Télérama n'est pas tendre avec Maïté Vallès-Bled sur l'expo Valtat du musée Paul Valéry de Sète !

Peinture : On se demande si dans le Quotidien du Peuple Sétois (Sète.fr) qui va suivre, l'oeil des médias va être borgne !

clic clic

"Peinture :

Le peintre Louis Valtat (1869-1952) est un peu, comme le dit l'un des textes du catalogue, un « second violon de la modernité ». Le hasard a voulu qu'il expose au Salon d'automne de 1905 dans la salle voisine de ses amis Matisse, Derain, Vlaminck, Van Dongen, traités de « fauves » pour leur peinture sauvage aux couleurs vives. L'appellation restera célèbre pour qualifier ce mouvement qui a révolutionné l'art du XXe siècle. Valtat n'en fut jamais considéré comme l'un des fondateurs, « alors qu'il occupe une place importante dans sa gestation », défend Maïthé Vallès-Bled, directrice du musée de Sète, qui entend replacer le curseur chronologique au bon endroit.

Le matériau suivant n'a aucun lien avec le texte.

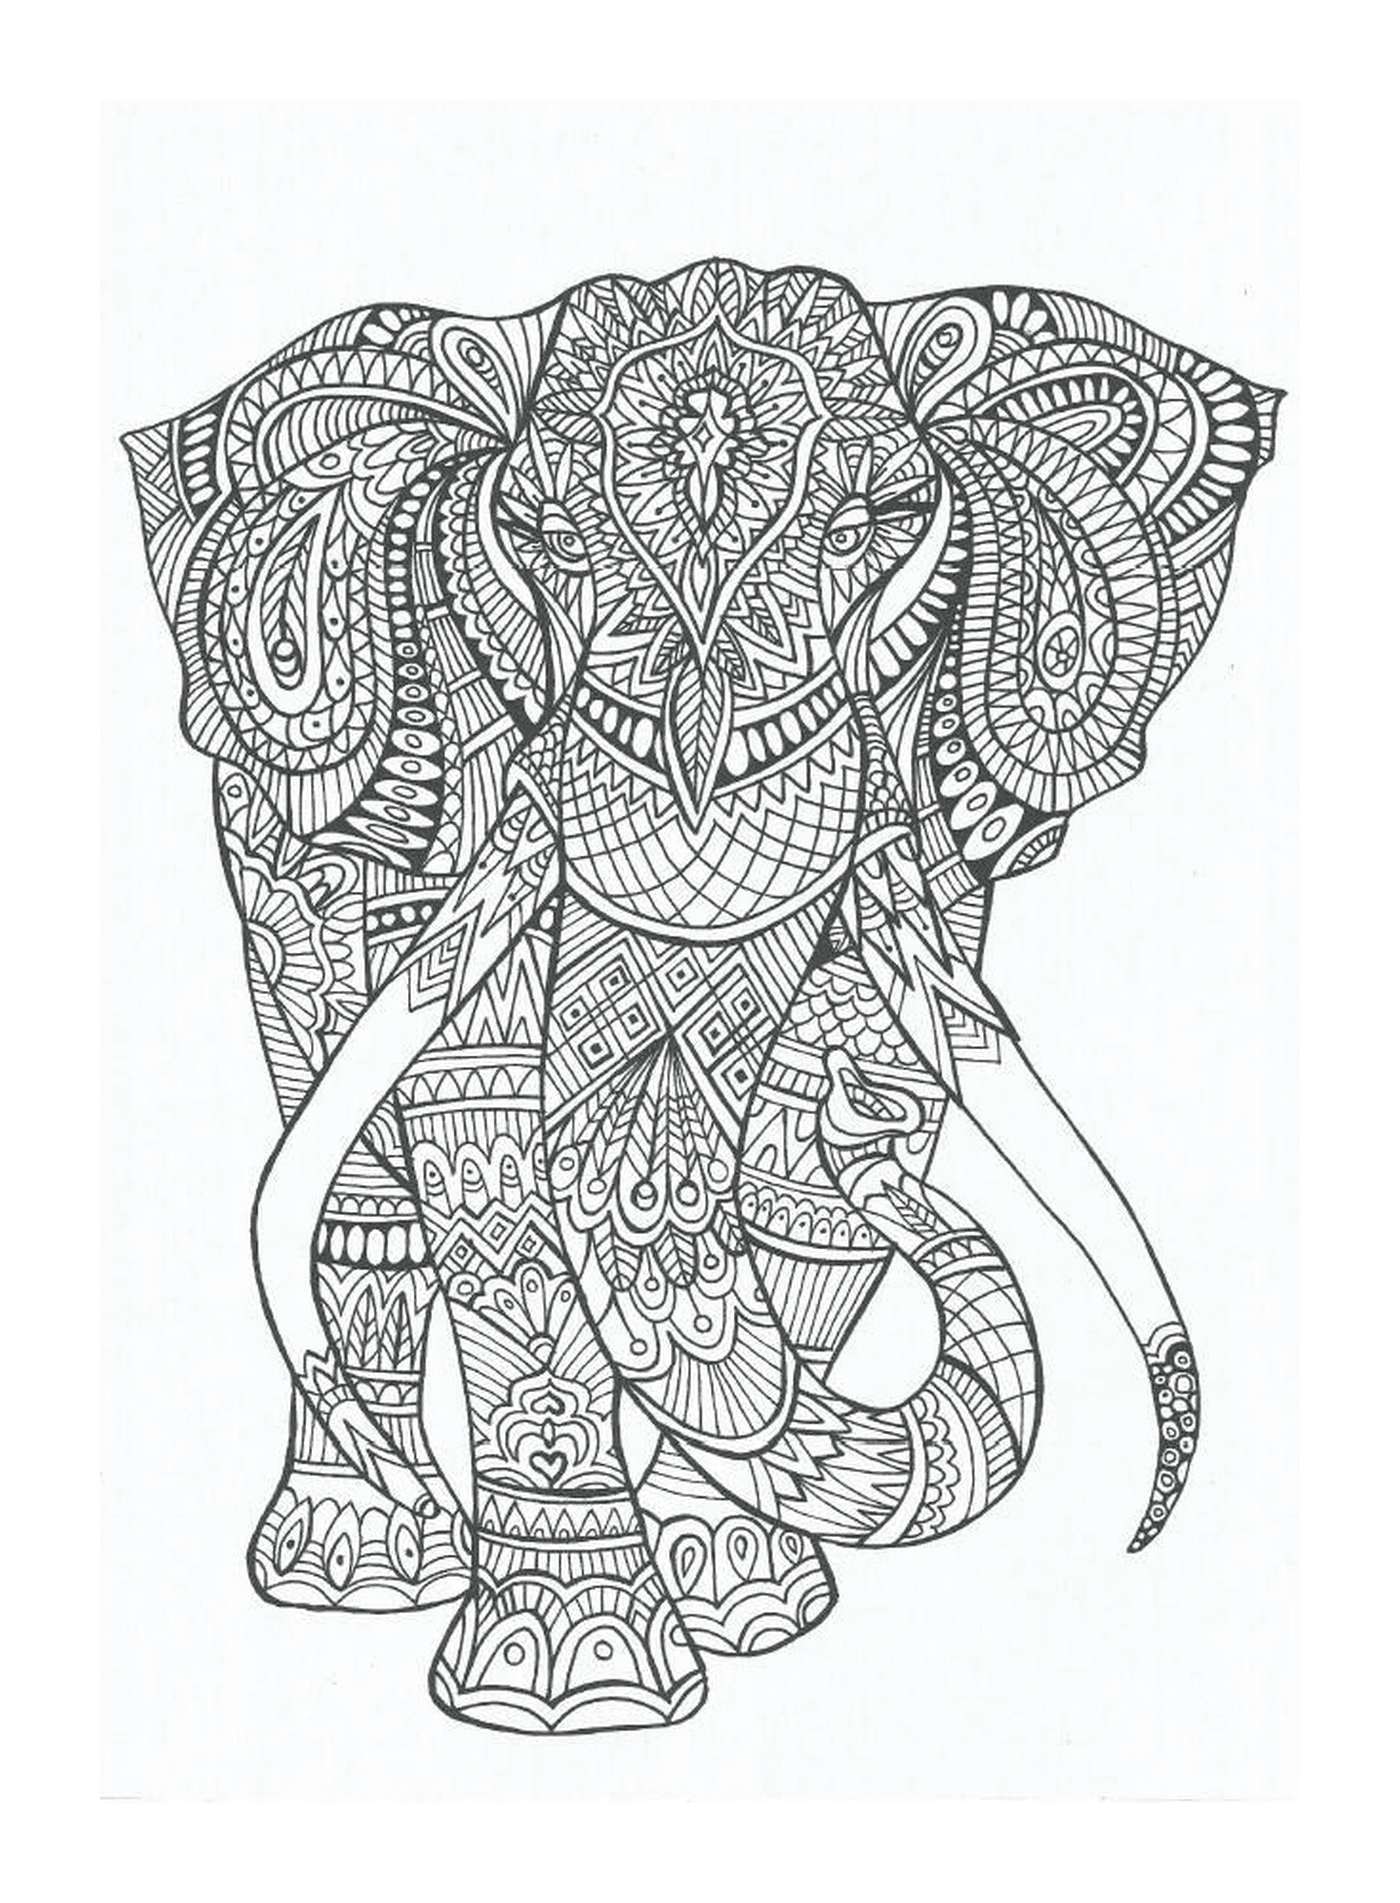  Ein Elefant mit Mandalas verziert

Valtat précurseur ? Au vu des oeuvres exposées, on se demande de quoi. Il fréquente les nabis. Comme eux, il est subjugué par Gauguin. Ses Porteuses d'eau (1897) à la ligne ondoyante évoquent les Bretonnes de l'exilé tahitien. Valtat côtoie aussi Toulouse-Lautrec. En témoignent ses Parisiennes (Chez Maxim's, 1895) croquées en un trait qui fait mouche. A moins qu'elles n'évoquent le génie de Picasso, son voisin de la butte Montmartre. Il sait aussi capter l'ambiance citadine par un halo pointilliste (L'Omnibus Madeleine-Bastille, 1895), tel que l'inventa Seurat, disparu en 1891. Ou les rondeurs alanguies de Baigneuses (1906), à la manière de son maître spirituel, Renoir, qu'il côtoiera jusqu'à la mort de celui-ci, en 1919... La peinture de Valtat, technicien et coloriste chevronné, évoque donc toutes les figures marquantes de l'art de son temps. Mais pas sa personnalité. Artiste caméléon ou défaut de la sélection ? Le « second violon » ne révèle ici qu'un talent d'interprète.

Jusqu'au 7 mai, musée Paul-Valéry, Sète (34). Tél. : 04-99-04-76-16. Catalogue éd. Au fil du temps, 252 p., 38 EUR.

Sophie Cachon
Telerama n° 3188 - 19 février 2011"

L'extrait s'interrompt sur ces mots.